でも川崎がそんな事を言ってたなんて水島さんが知ったらショックを受ける気がしたので、俺は敢てその事を口にしないで聞き役に徹する事にした。
「でも、私としては味のバランスは良い感じに調整出来てると思うのよ? それなのにいつもそんな事を言ってくるって事は……もしかして私の味覚がおかしいのかなってちょっと思ってきたんだよね。今日も悠斗と一緒にお弁当を食べてたらそう言ってきたしさ」
どうやら毎日川崎にそんな事を言われてしまい、料理の自信をちょっと無くしかけているようだ。料理が好きなのに下手だと思われるのは辛い事だよな。
「うーん、でもあれじゃないかな? 確か川崎も男子バスケ部に所属してるよね?」
「え? あ、うん、そうだけど?」
「だよね。まぁやっぱり運動系の部活をしているとガッツリと運動している分、他の人よりも汗とか沢山出るだろうし、塩分補給っていう意味で味の濃い物が食べたくなるって事はあるんじゃないかな?」
という事で俺は水島さんを元気づけるためにこんな話をしていった。まぁ一般論だけど汗をかきやすい人は塩分を欲するはずだしな。
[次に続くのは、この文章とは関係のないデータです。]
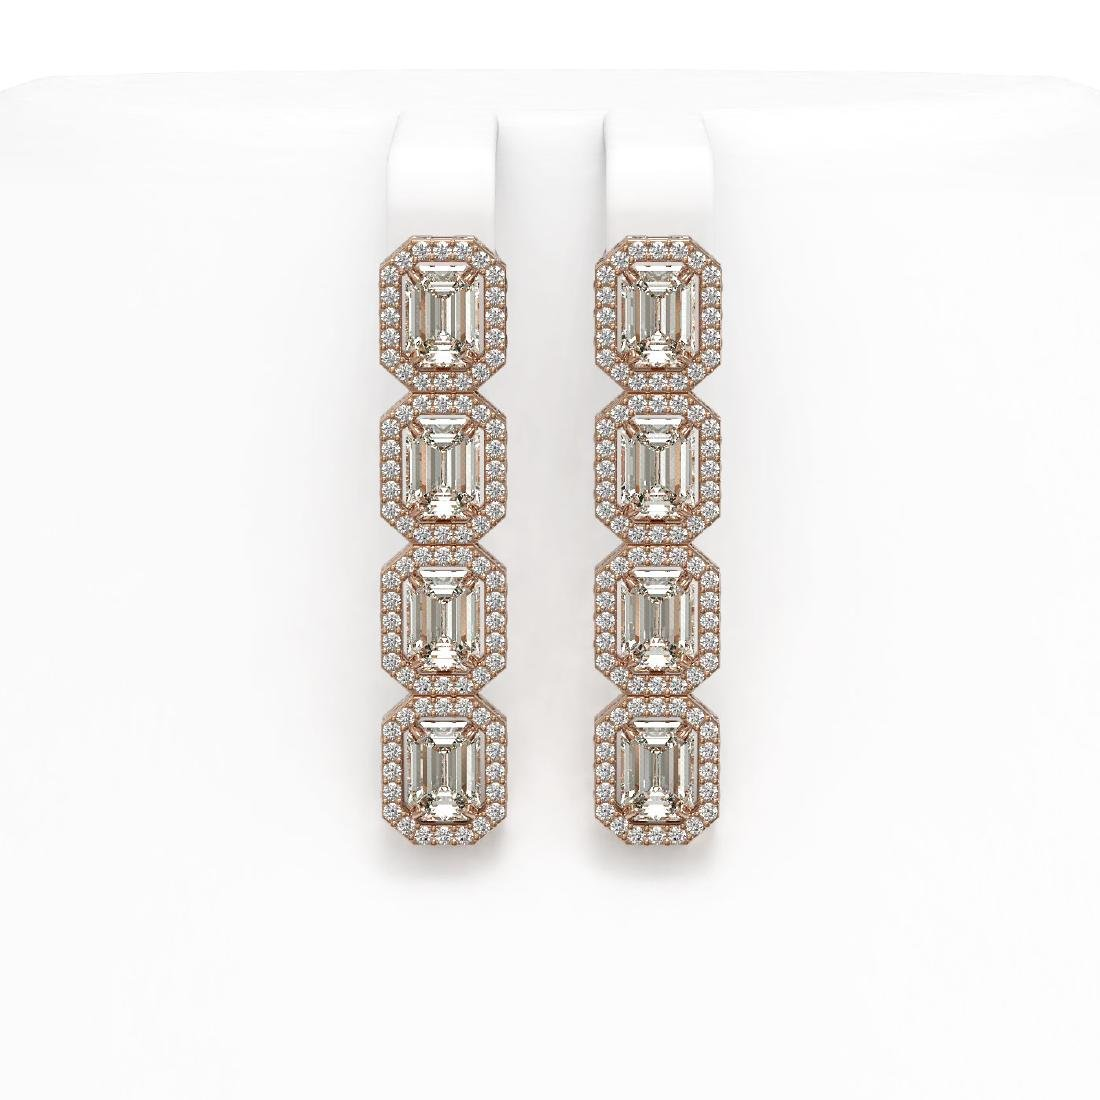 6.08 CTW Emerald Cut Diamond Designer Earrings 18K Rose

「あとは基礎代謝とかも女の人よりも男の人の方が高いから、通常は男の人の方が汗をかきやすいって言われてるしね」
「あ、確かにそんな事を保健体育の授業で習ったかもしれないわ」
「うん、そうだよね。だから多分だけど水島さんの料理は味が薄いわけじゃなくて、川崎の基礎代謝が高いのと、運動系の部活をしているから汗が沢山出て濃い味を所望してるってだけじゃないかな?」
「な……なるほど! うん、確かにそうかもしれないわ! よく考えたらアイツって結構汗をかきやすい方だった気がするもん!」
俺がそんな例を出して話してみると、水島さんは納得したように何度も顔を頷いてきてくれた。
「なんだ、そういう事だったのかー。よし、それじゃあこれからは悠斗のためにちょっと味の濃い料理を作ってあげるのも良いかもしれないね!」
「それが良いと思うけど、でも夜に味の濃い料理を出しちゃうと胃がもたれるかもだから、お昼のお弁当で調整してあげた方が良いかもね。放課後になればバスケ部の運動で汗をかくことになるだろうしね」
「なるほど、それは良い案だね! うん、そうしてみるよ! ありがとう冴木君! いつも的確なアドバイスをくれて助かるよー!」
「はは、全然良いよ。また何か困った事があったらいつでも俺に相談してね」
「うん、わかった! 本当にいつもありがとね!」
という事でこの日は水島さんから盛大な感謝を貰う事になった。
(でもここまで気軽に相談してくれるようになったのは本当に嬉しい事だよなー)
水島さんとはこの三ヶ月でだいぶ仲が良くなっているので、何か困った事とかあると俺にアドバイスを求めて相談してくる事も多くなってきていた。
それだけ俺の事を信頼してくれている事だろう。そして俺はその信頼に応えて水島さんが困っている時にはいつでもすぐ助けられるように頑張ろうと思っていった。